Make a Woodland Candle Holder
Printable Version: Do-It-Yourself Decor Ideas
|Step 1: Gather Your Supplies|
|What You'll Need:
—An assortment of botanicals. Small leaves, ferns and pressed flowers all work great. (free)
— Assorted tissue paper. Light colors work best. ($1.99 for a package)
— Decoupaging glue. We used Mod Podge. ($2.89 for 8 ounces)
— Plastic container for glue. (50 cents)
— Foam brush. (40 cents)
— Glass container. (99 cents)
— Tea light. (99 cents will get you a bunch.)
|Step 2: Designing Your Candleholders
|Map out your design. The first layer will be your botanicals, which will then be covered by a layer of glue and tissue paper. Place the botanicals you want to work with on the glass container, eyeballing it to see how many of each variety you will need. We worked with store-bought skeleton leaves and sprigs of fern, but plant cuttings and pressed flowers from your property would work just as well.
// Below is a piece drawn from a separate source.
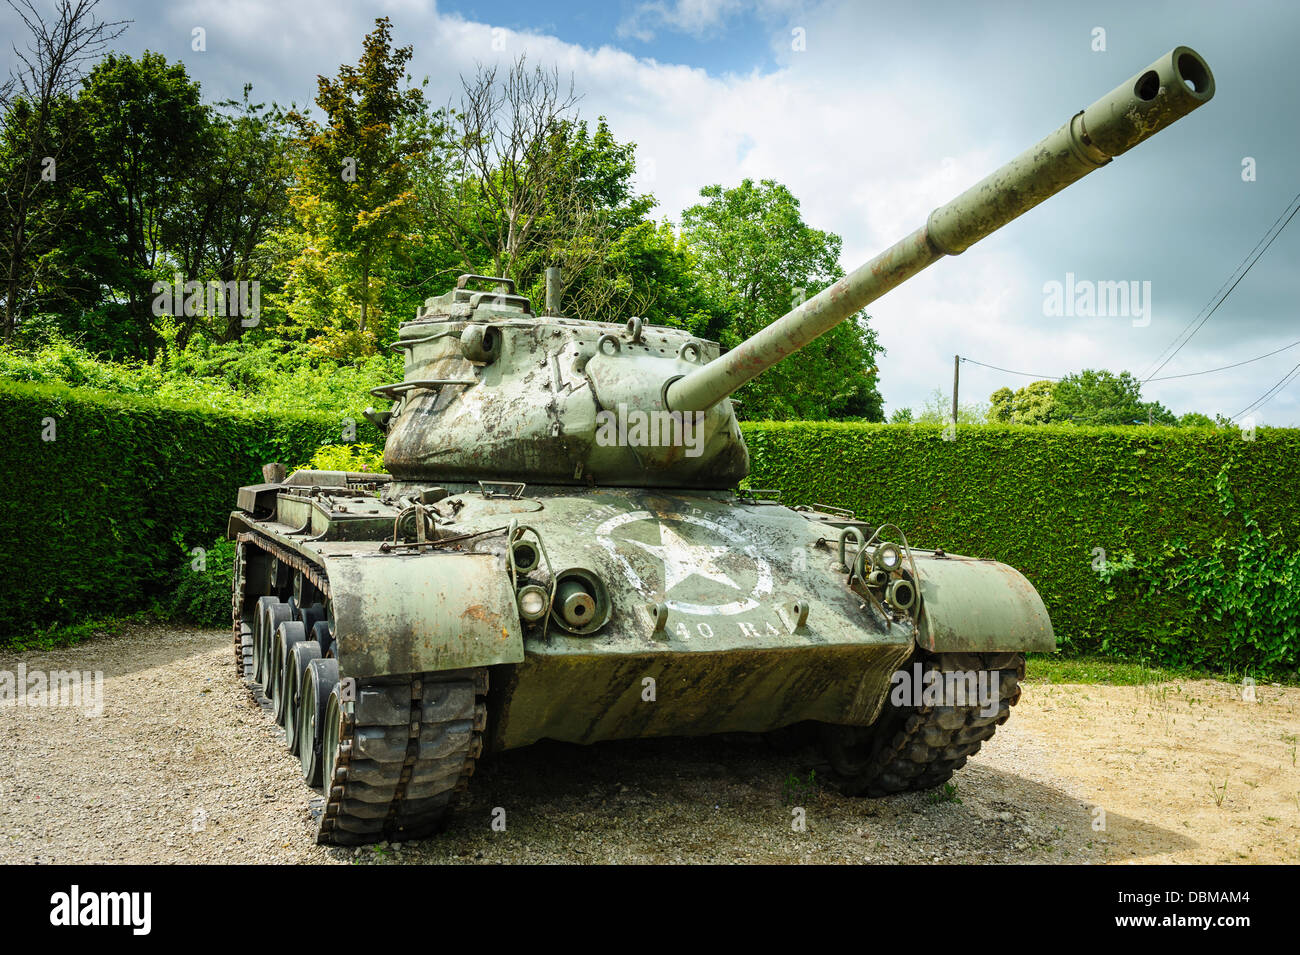 An old American tank from WW11 at Valmy, Marne, France Stock Photo

We chose an alternating design of a skeleton leaf, fern, skeleton leaf, and so on.
|Step 3: Gluing on Your Botanicals|
|Using the foam brush, apply a thin layer of the decoupaging glue to the glass container. Place your botanical on the glass, then carefully brush another thin layer of glue over the leaf, fern, flower, etc.
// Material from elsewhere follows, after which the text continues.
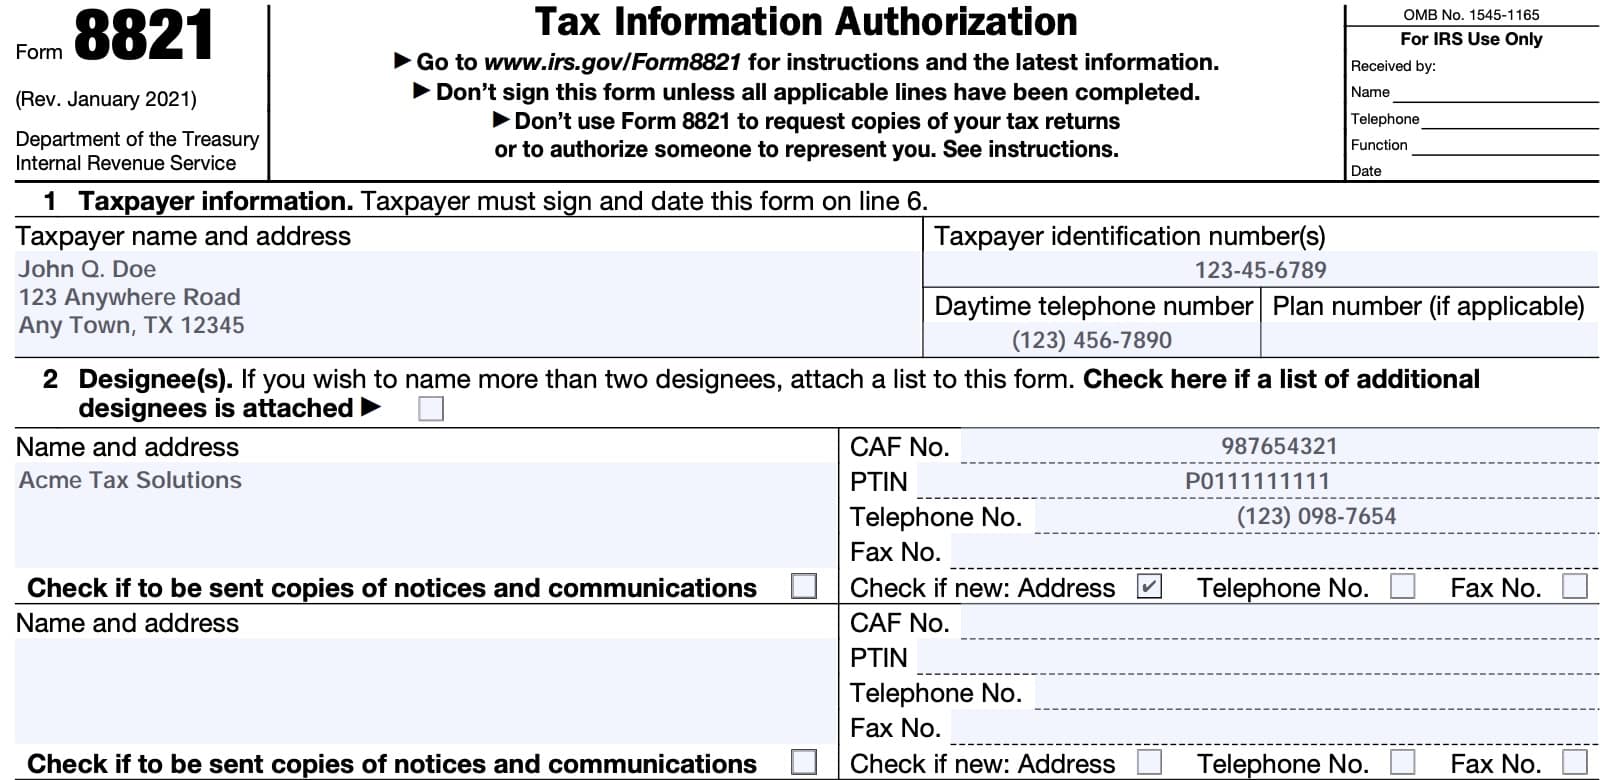 irs form 8821, tax information authorization, line 1: taxpayer information & line 2: designee(s)

On word on your glue: It’s important that it’s not too thick (it won’t create a nice glowing effect when the candle’s lit if it’s too thick) or too thin (it will be hard to work with or won’t hold your design if it’s too thin). We used Mod Podge since it was the right consistency, but other brands would work fine, too. Just make sure it looks like milk: thick enough that you can’t see through it, but thin enough that it pours easily.
|Continue applying your bontanicals until you’ve achieved your desired design. We worked with one variety at a time, gluing on all of the skeleton leaves first and then going back and placing some fern springs around them.
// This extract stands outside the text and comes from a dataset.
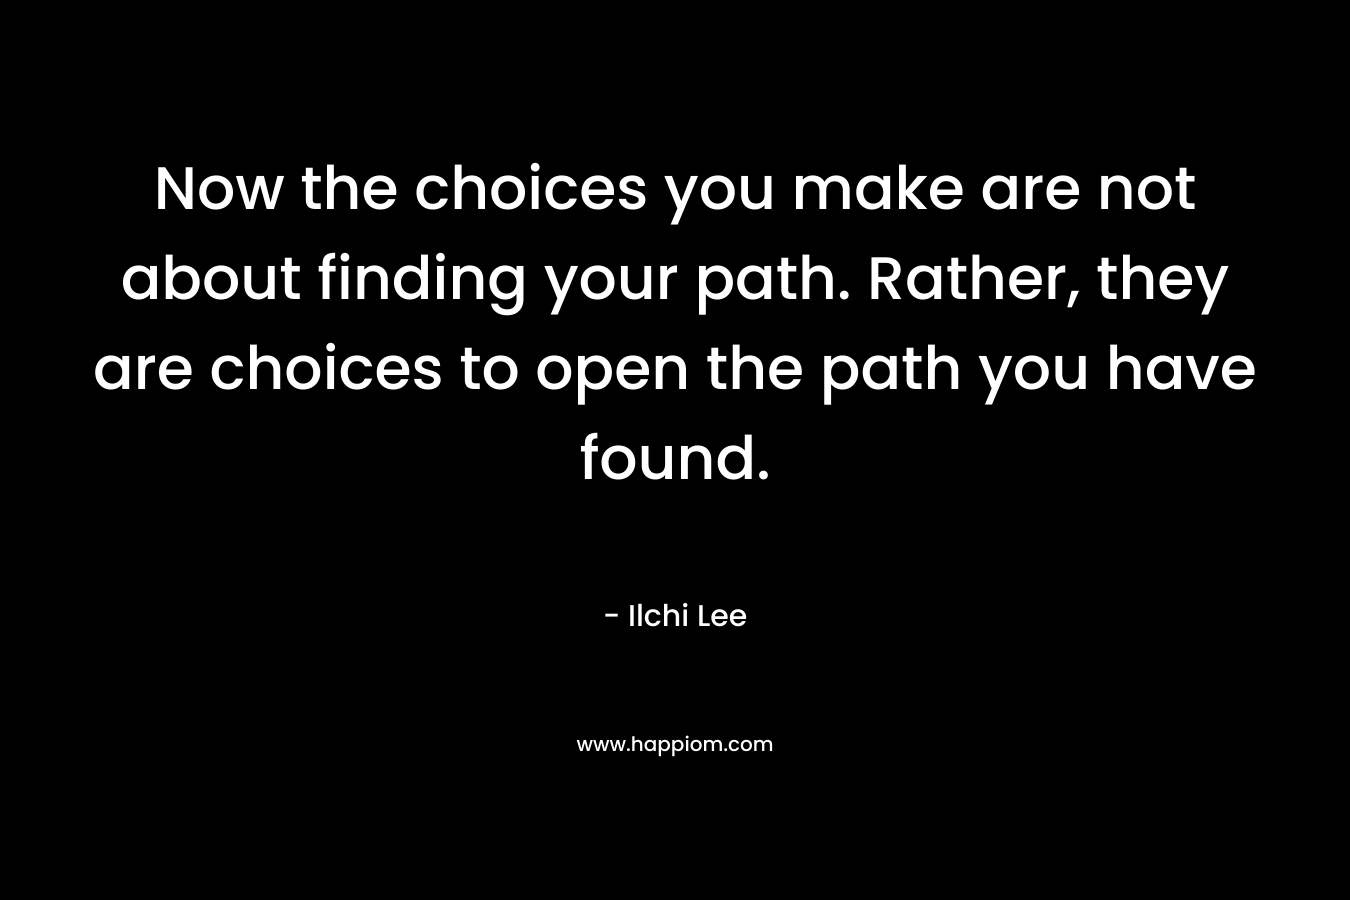 Now the choices you make are not about finding your path. Rather, they are choices to open the path you have found.

Do be sure that you’re leaving some room, though. If you have too many leaves and flowers on the glass, not enough light will filter through when you have a candle lit.
|Brush one last thin layer of glue over the entire design once you’ve finished placing your botanicals.|
|Let that glue dry. This should take about 30 minutes, and you’ll know it’s ready because the glue will dry clear.|
|Step 4: Applying the Tissue Paper Layer|
|Once the first layer of glue is dry, you’re ready to apply the layer of tissue paper over the botanicals.
Rip the tissue paper into small pieces, about one inch wide or tall. Ripping is preferred over cutting, since it will provide a more organic look on the finished product.
|Like you did with the first layer, apply a thin layer of glue right on top of your botanicals. Place your piece of tissue paper over the top and then apply another thin layer of glue to keep it in place.|
|Continue this process until you’ve covered the entire outside of the glass container. The pieces should overlap a bit, too, so no glass shows through.|
|You can choose to incorporate a couple colors of tissue paper. We chose a gold color to use as a band at the top and bottom of the glass container. Get creative. You can alternate colors in the overall layer, or go for an ombre effect: use tissue paper in the same color family and vary the design from lightest to darkest, using a single band of each shade around the glass.|
|For a clean look, feel free to use scissors to trim around the edges of your design.|
| Your flower and leaf design should magically appear when a candle is lit inside.
And all that’s left to do now is inserting a tea light and lighting your candle for a wonderful, rustic ambiance—perfect for your dining table or bedroom dresser. Enjoy!